Implications for safety:

  • Disarm callbacks may be delayed by milliseconds to seconds
  • If the VM crashes, no callbacks run
  • High CPU load can delay safety responses

When Software Safety is Sufficient

The software safety system is appropriate for:

  • Hobby projects and prototypes - Where delayed shutdown is acceptable
  • Research platforms - With human supervision during operation
  • Low-power systems - Where uncontrolled motion causes no harm
  • Development and testing - Before hardware safety is installed

When to Add Hardware Safety

Add hardware-level safety for:

  • Systems that could cause injury - Any robot near humans
  • Unattended operation - No human to hit the stop button
  • High-power actuators - Where runaway motion is dangerous
  • Production deployments - Where reliability is critical

Hardware Safety Options

Watchdog heartbeat: Beam Bots sends periodic pulses to a microcontroller. If pulses stop, hardware cuts power automatically. This catches VM crashes and hangs.

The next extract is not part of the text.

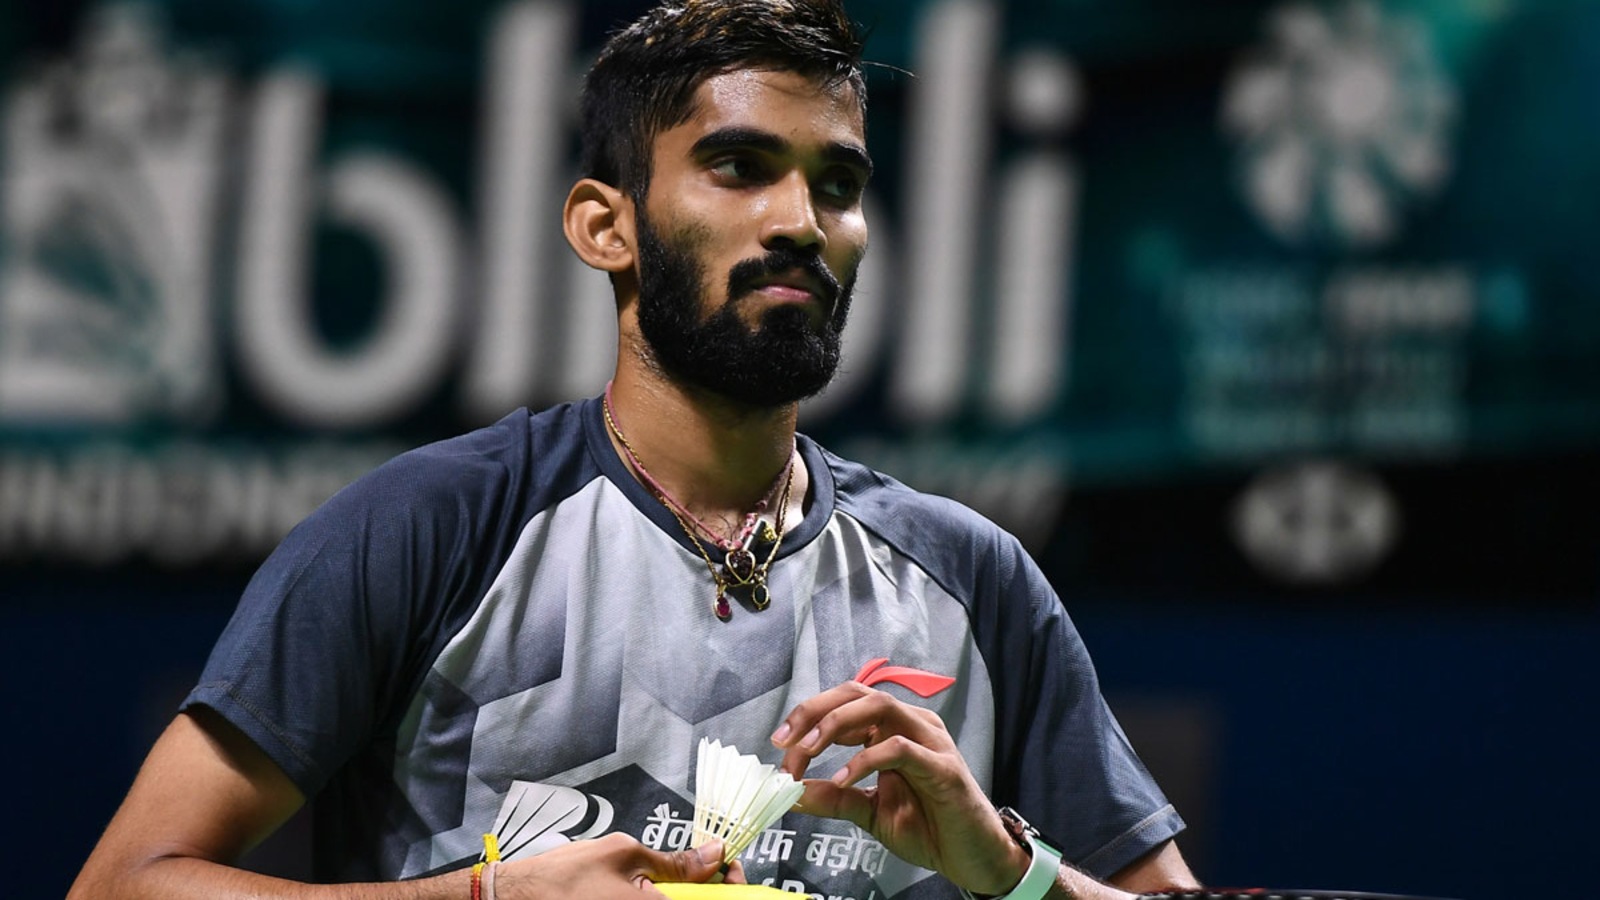 BWF World Tour Finals Kidambi Srikanth loses to Lee Zii Jia, bows out of tournament
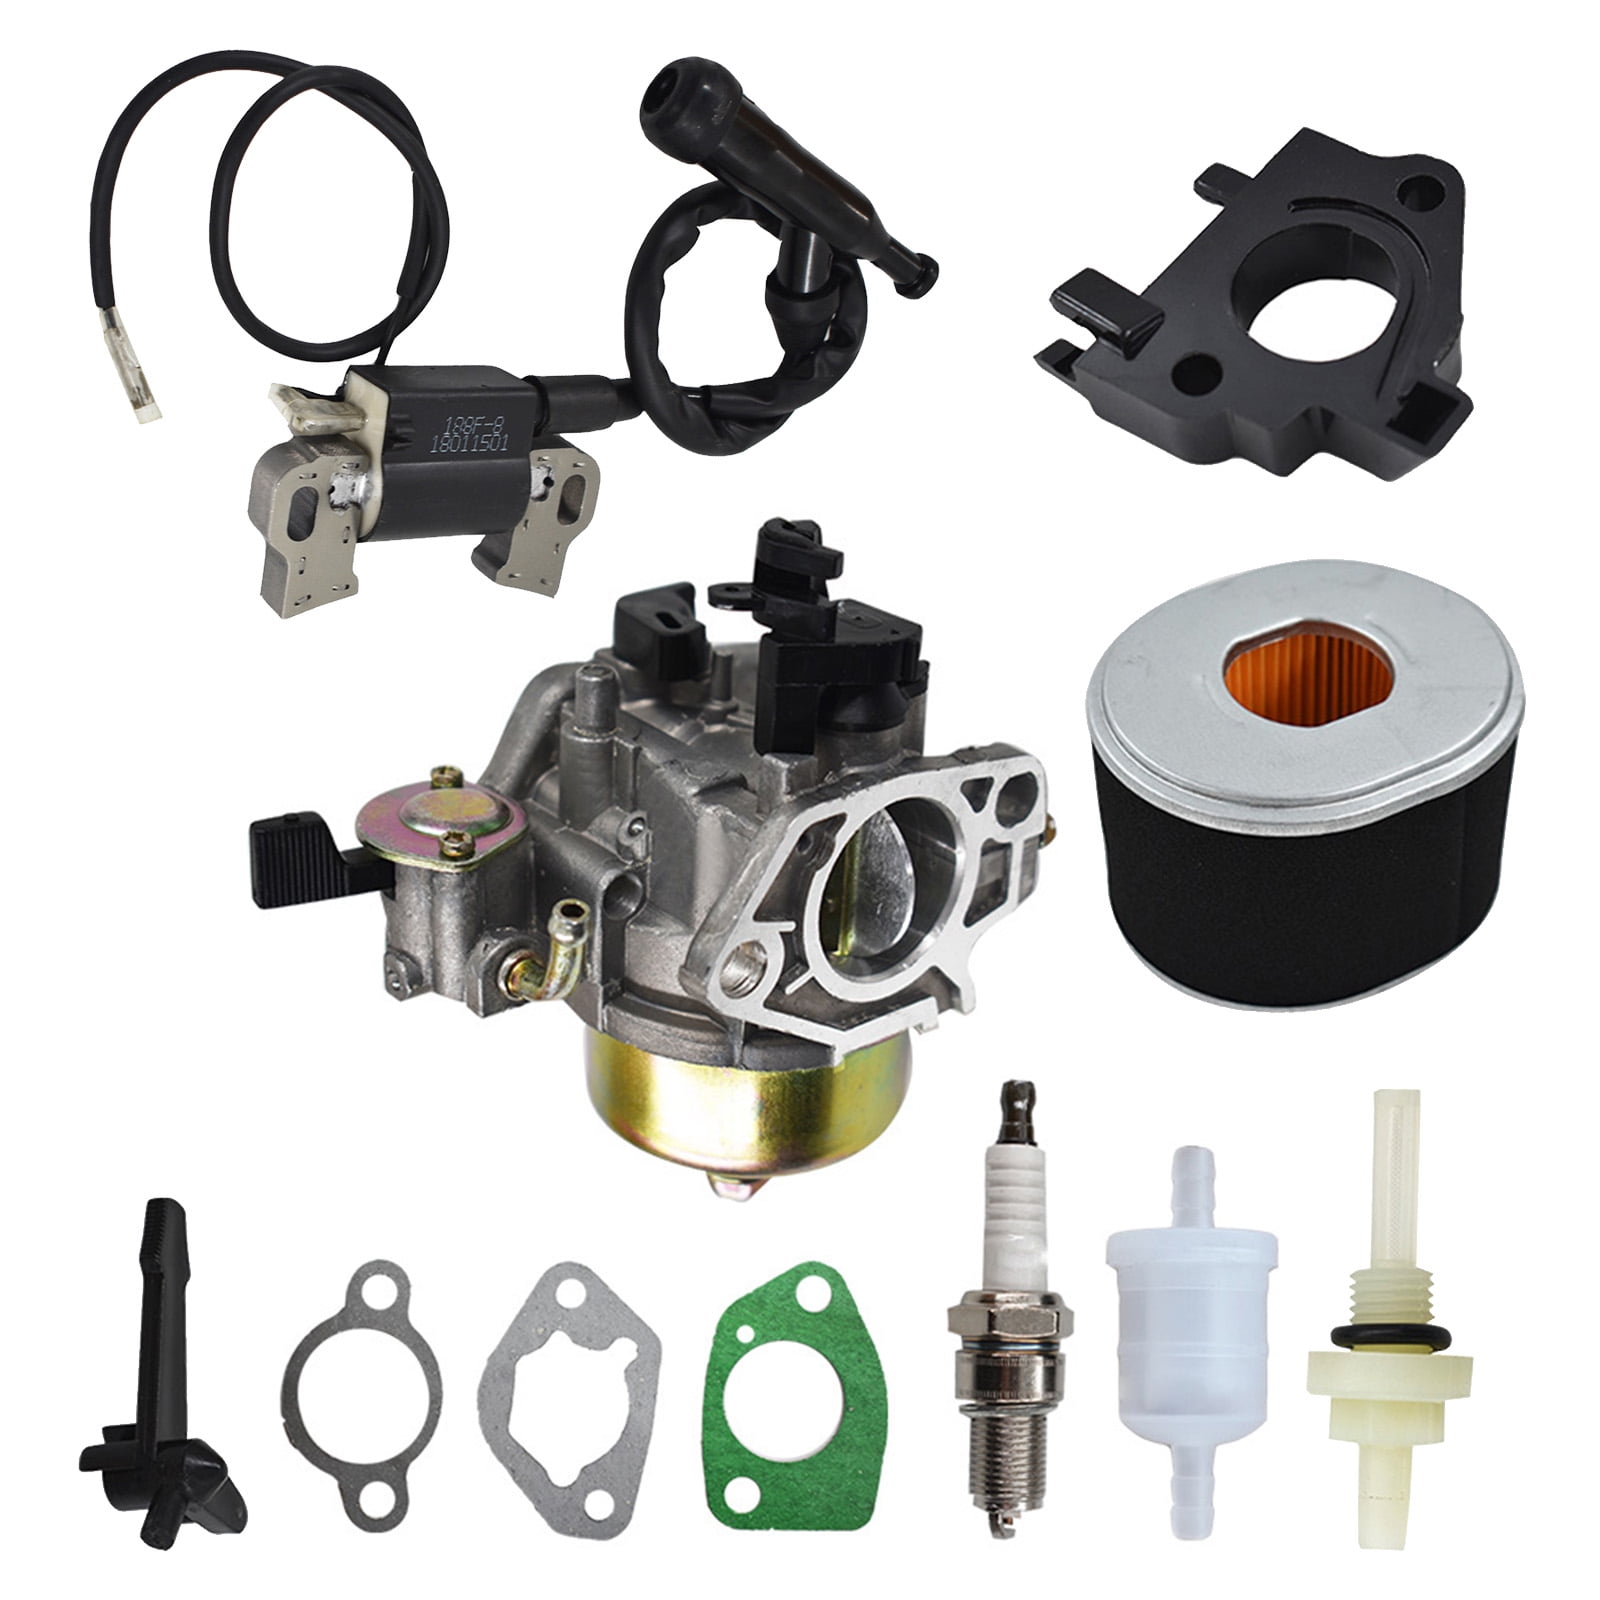 Butom GX390 Carburetor for Honda GX 390 GX340 13HP 11HP Engine Replace  16100-ZF6-V01 with Fuel Filter Gasket

Manual E-stop: Physical button that immediately disconnects actuator power. Independent of all software.

Dual-channel enable: Both software command AND heartbeat required to enable actuators. Defense in depth.

Shutdown Behaviour

When the safety controller terminates (e.g., during application shutdown), it attempts to disarm all armed robots. This is best-effort:

  • Normal shutdown - Callbacks have time to complete
  • Quick shutdown - Callbacks may be interrupted
  • VM crash - No callbacks run

Always design physical systems assuming software may not execute cleanup.

Quick Reference

QuestionAnswer
Can Beam Bots guarantee actuators stop within X ms?No
Is the software safety system enough for hobby projects?Yes
Should I use hardware safety for research robots?Recommended
Is software safety enough for unattended operation?No
Can disarm callbacks run if my actuator process crashed?Yes
Will disarm callbacks run if the BEAM VM crashes?No
What happens if a disarm callback fails?Robot enters :error state
Can I arm a robot in :error state?No, use force_disarm/1 first
Do disarm callbacks run concurrently?Yes, with 5 second timeout
Can commands execute while disarming?No, rejected with :disarming error
Are robots disarmed on shutdown?Yes, best-effort during controller terminate
What happens when a hardware error is reported?Event is published to [:safety, :error]; no state change. Components escalate by crashing.
How is the robot force-disarmed on persistent failure?When the topology supervisor exhausts its restart budget and stops, the safety controller force-disarms and transitions to :error.
How do I tune how much failure the robot tolerates?Set topology_max_restarts and topology_max_seconds in settings.